In January you argued that a number of difficult issues remained to be solved ahead of South Sudan's independence: the status of Abyei, oil sharing, border demarcation and debt-sharing. Has there been any progress as regards these issues?

– No, it rather could be said that things have gone worse. The signs of deterioration include the war and occupation of Abyei by the Sudan Defense Force (SAF) following an incident where SPLM (Sudan People’s Liberation Movement) soldiers opened fire on withdrawing SAF units and killed a number of them. Further deterioration in some areas where popular consultation was supposed to take place according to the Comprehensive Peace Agreement (CPA) has also been seen. South Kordufan which has been relatively quiet has now exploded, opening a new war front in the war-torn Sudan. 

The South Sudan parliament has yet to pass a new transnational constitution meant to govern the new state. There are reports about concerns over the president's powers in the constitution. What are the likelihoods that the demands from the opposition in South Sudan are catered for? 

– Fundamental differences have emerged between the ruling SPLM and a dozen of the opposition parties in South Sudan regarding the transitional arrangement. The first point of contention relates to the duration of the interim period. While the SPLM dominated parliament has proposed four years as an interim period, the opposition parties consider this as too long and have proposed a maximum of two years. Another issue of contention is the powers of the president. The draft constitution gives the president sweeping executive powers that include the power to dismiss elected governors of states, appoint new ones and dissolve parliament. The inclusion of members of the federal parliament to the parliament of South Sudan following their removal from Khartoum, thereby making absolute SPLM’s domination of the legislative body in Juba, has also become a bone of contention between the SPLM and the opposition. In light of the domination of the transitional parliament by the SPLM, however, it seems unlikely that the demands of the opposition would receive positive response. 
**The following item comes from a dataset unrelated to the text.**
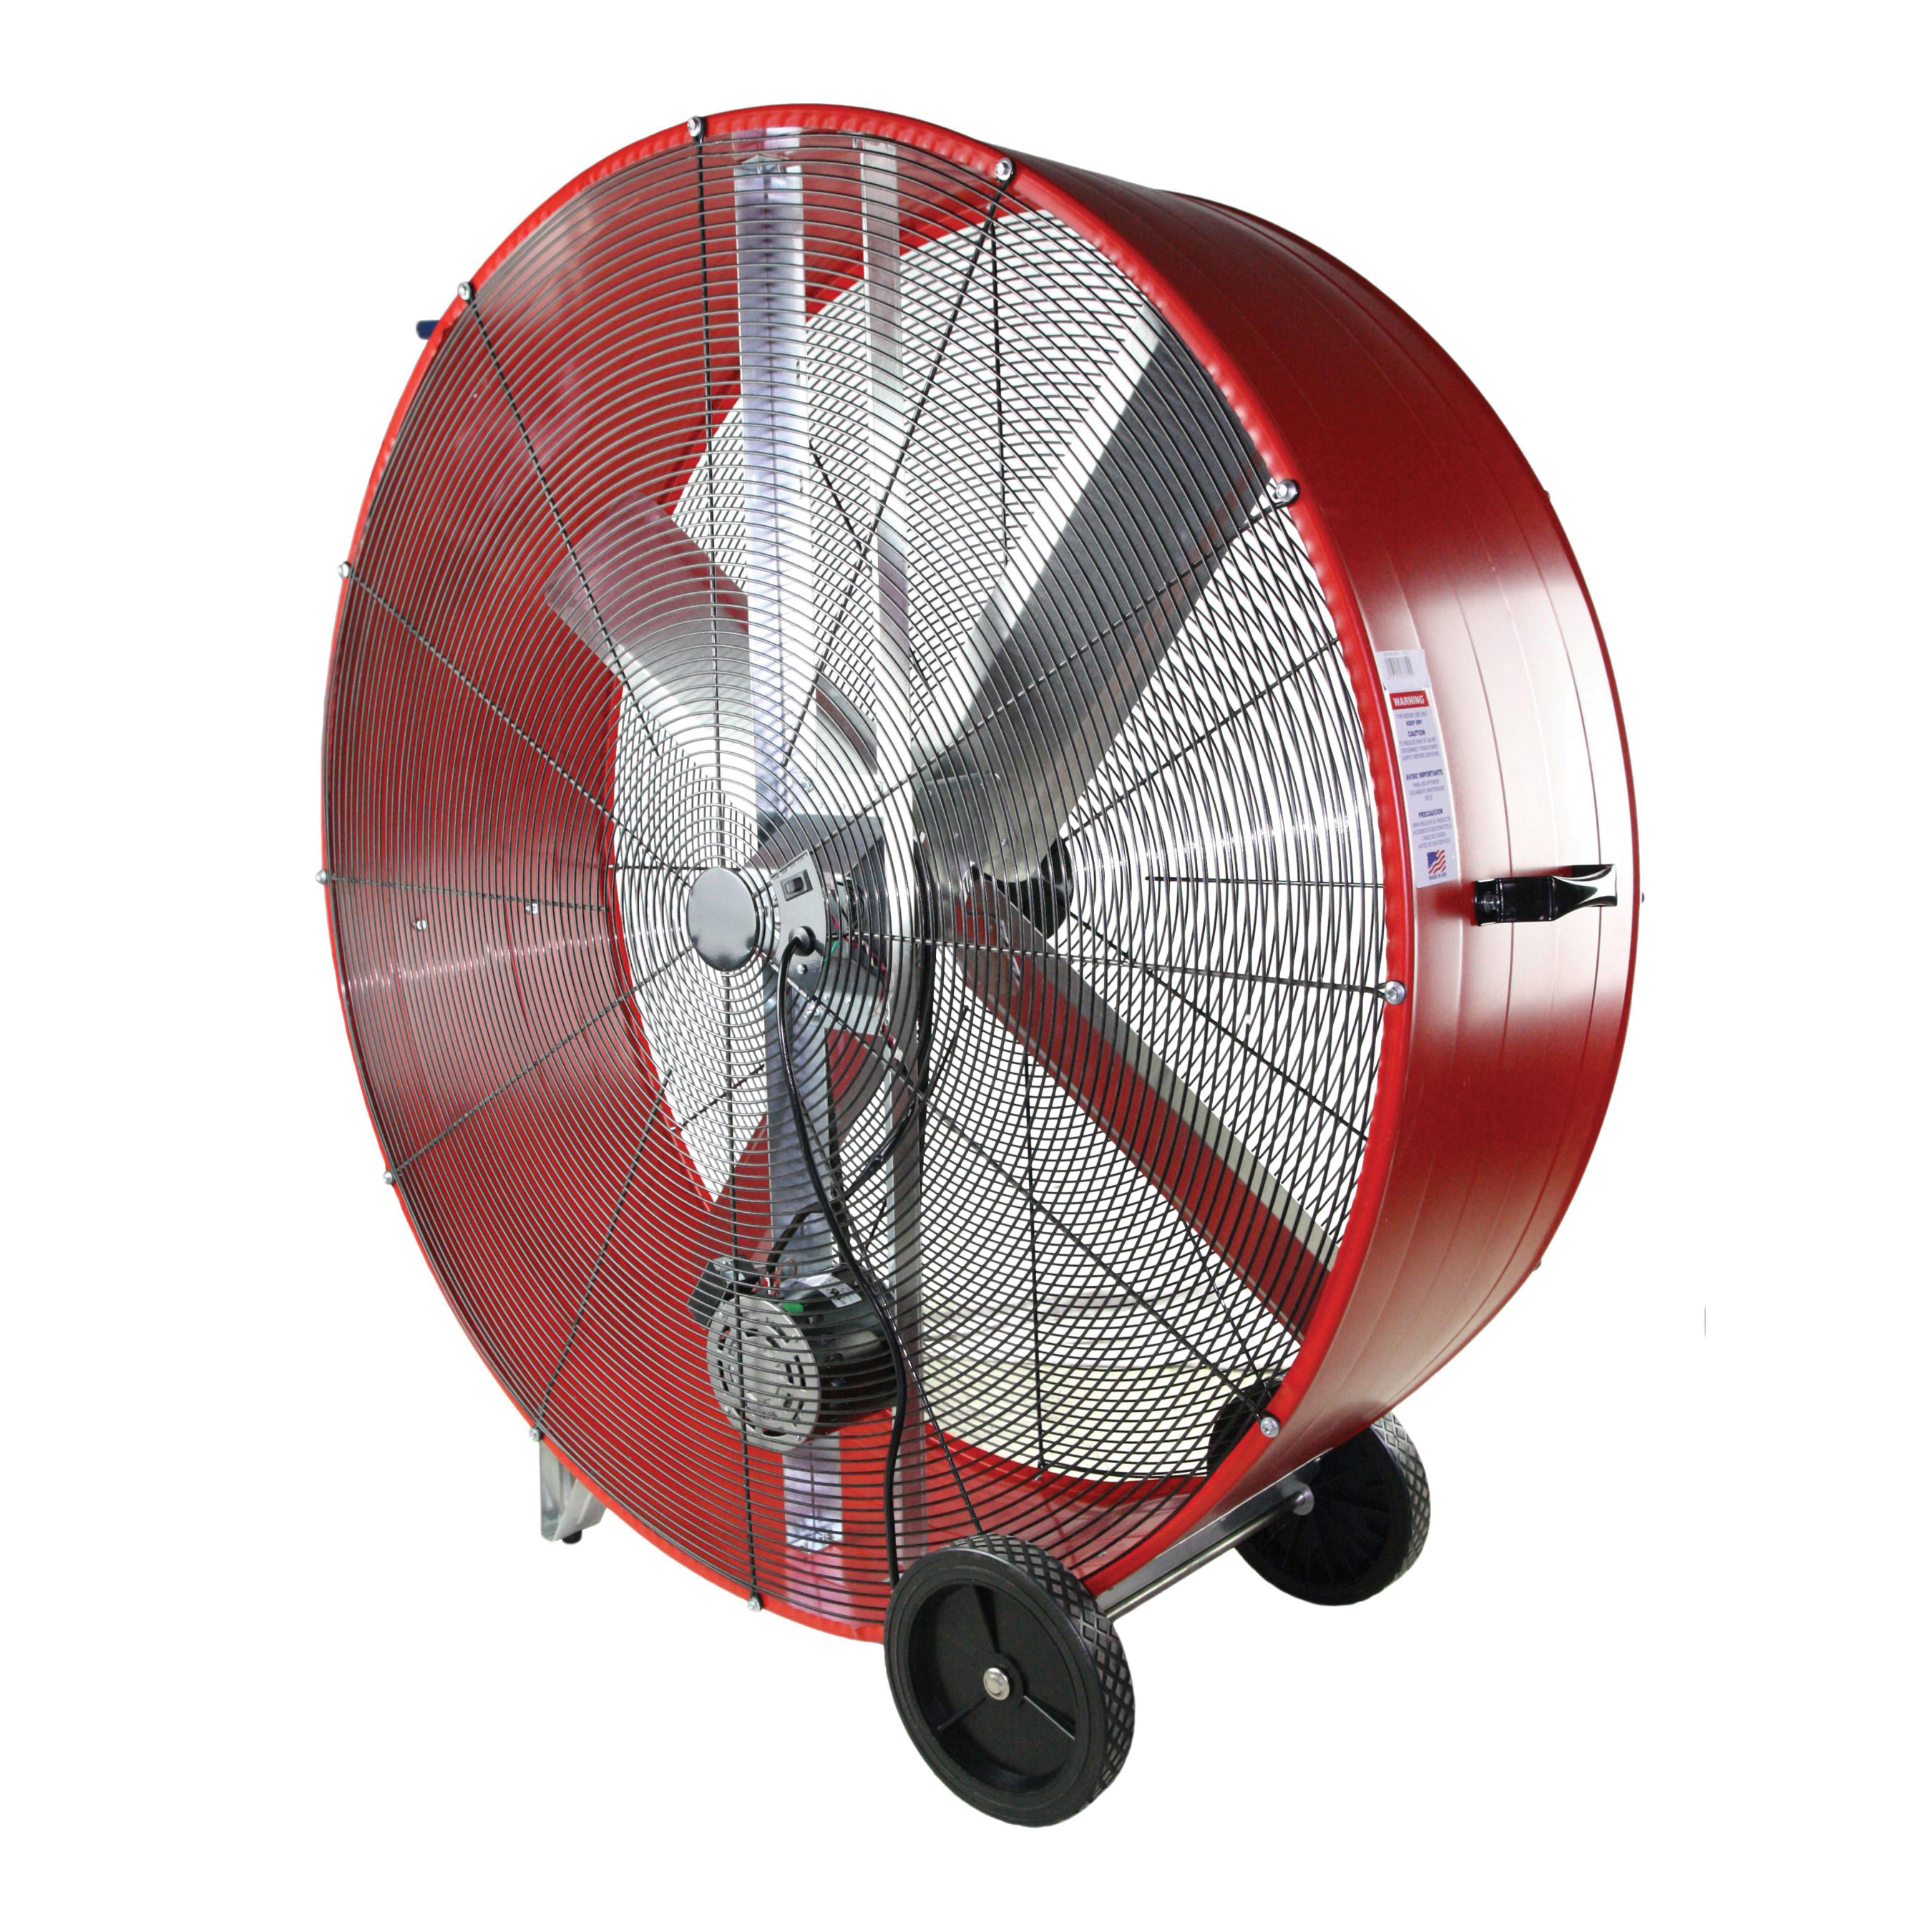 MaxxAir BF48BDRED Portable Drum Fan, 120 V, 2-Speed, 10,100 to 18,000 cfm Air, Black/Red - 3

Your own research focuses on conflict and state building in the Horn of Africa. What will be the greatest challenges for Africa's newest state? 

– The challenges facing the emerging state of South Sudan are immense. In terms of conflict and state building South Sudan is confronted with daunting tasks. Regarding conflicts, even before the country has become formally independent, a number of insurgencies have surfaced. Insurgencies led by dissident Sudan People’s Liberation Army generals are running in five out of ten states (Jonglei, Upper Nile, Unity State, Northern Bahr el Ghazal and Eastern Equatoria). This and other serious problems facing South Sudan make state building in the new nation extremely precarious. There are those who already talk about a failed state in South Sudan.